FI(R)O Part 5 sets out powers of resolution authorities in resolution. Resolution authorities may manage or exercise the powers of a financial institution in respect of its affairs, business or property, as well as powers to transfer or issue securities to the resolution authority (s. 93). This may in some ways be compared to the powers of a liquidator, though the purpose and outcome of resolution is much different than distributing assets in liquidation.
Resolution authorities may suspend contractual obligations of a financial institution in resolution (s. 83), though certain types of obligation are excluded from suspension (s. 84). Similarly, the resolution authority may suspend termination rights of counterparties otherwise exercisable under contract with the financial institution in resolution (s. 90). Measures taken for the purposes of resolution are to be disregarded and shall not trigger contracts containing default provisions (s. 89).
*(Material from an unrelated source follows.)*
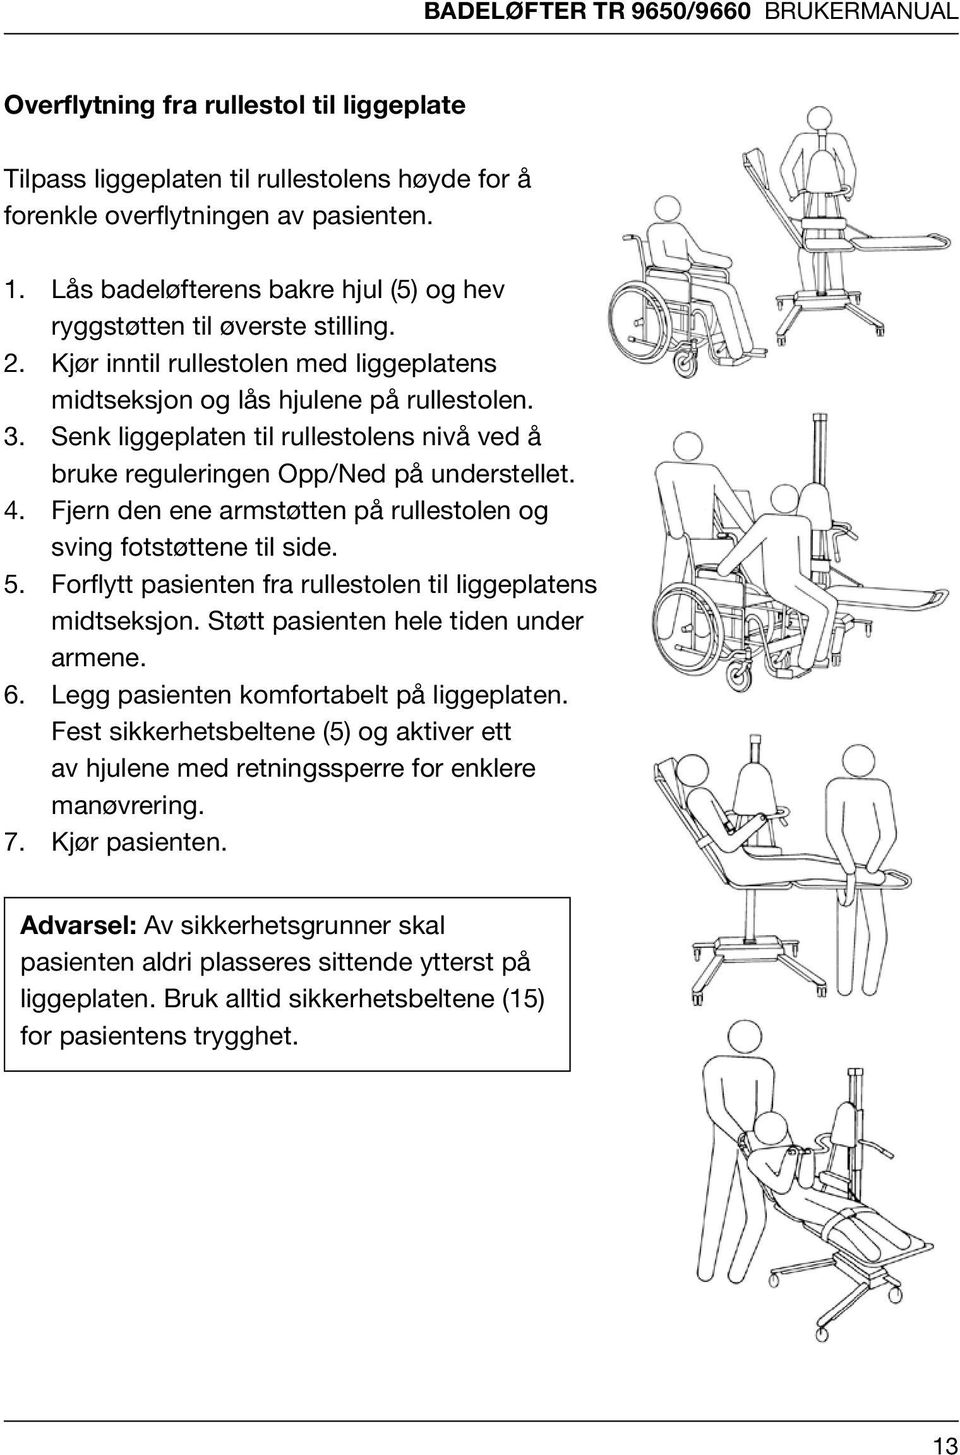 for å forenkle å forenkle over- over- flytningen Tilpass liggeplaten Tilpass flytningen liggeplaten av til av pasienten. pasienten. til rullestolens høyde for å forenkle å overflytningen av pasienten.
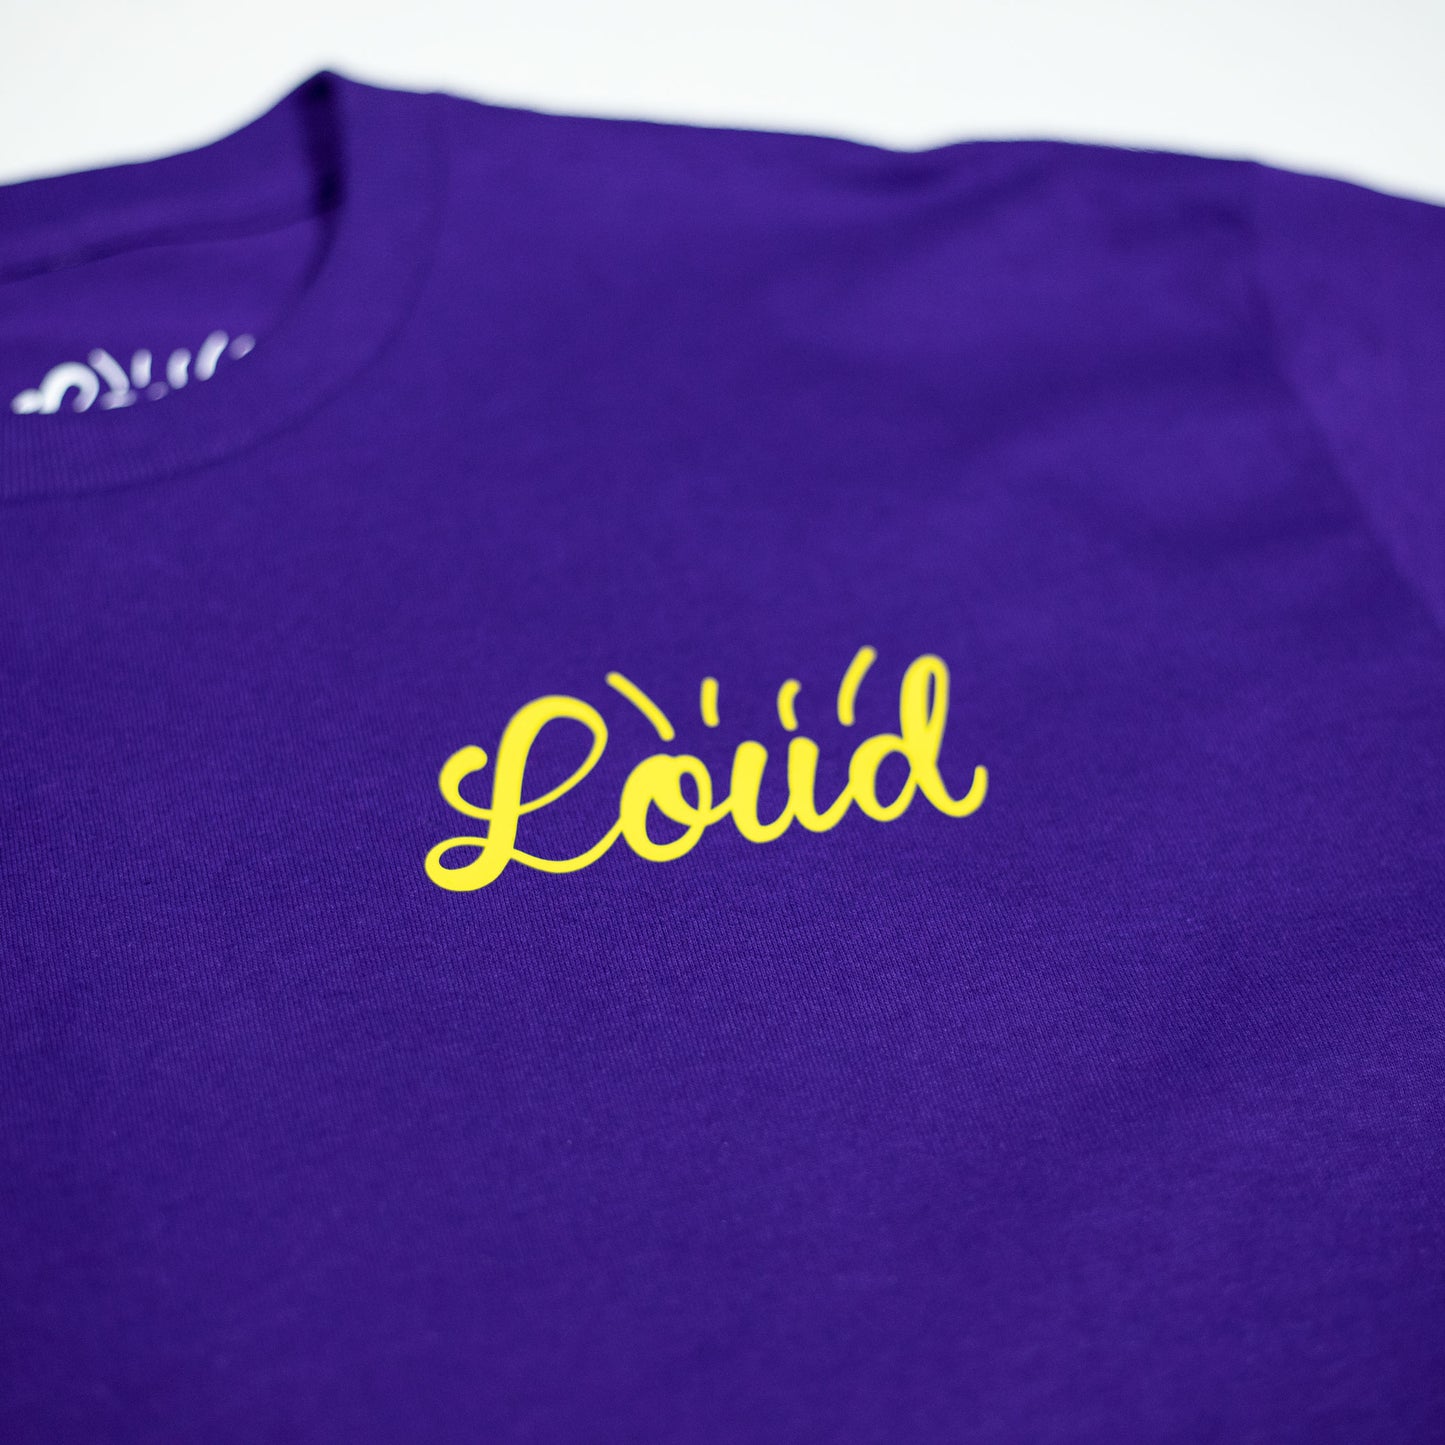 Loud x Kreative Ink Tee - Purple

To stabilise the parts of financial institutions that perform critical functions, a resolution authority may apply statutory stabilisation options to a financial institution in resolution. Under s. 33, the five options are:
- to transfer the securities, assets, rights or liabilities of the financial institution to a privately owned purchaser;
- a bridge institution;
- an asset management vehicle;
- a temporary public ownership company; or
- to bail-in the financial institution.
Under s. 34, the resolution authority may apply one or a combination of the options, together or sequentially, or apply stabilisation to certain parts of the financial institution only. The resolution authority may also choose not to apply stabilisation – the general powers under s. 93 may apply, or the financial institution may be allowed to fail in the normal way, presumably by exercise of the resolution authority’s regulatory powers to wind up financial institutions, or by way of insolvency proceedings.
An Effective Egg Drop Container?
Due to the size and scope of the FI(R)O, matters such as: removal of officers; clawback of their remuneration; offences; compensation; and non-Hong Kong resolution actions have not been discussed.
It remains difficult to assess the effectiveness of the FI(R)O. The cross-sectoral approach leaves much open, presumably for flexibility. Further regulatory guidance needs to be developed under the rule-making powers – as illustrated by the exclusion from commencement of Part 8 and s. 192 of the rules for the court procedure of clawback of remuneration and on how notice of winding up petitions can be made.
Guidance as to when an institution is considered “non-viable”, and how more draconian powers such as removal of “impediments” are to be exercised, will be critical for compliance of within scope financial institutions. The issue of consistency between the three sectors where groups include within scope financial institutions in more than one sector also remains.
What is clear, however, is the ambitiousness of what the FI(R)O tries to accomplish, and the potential complexity in exercising resolution powers in Hong Kong.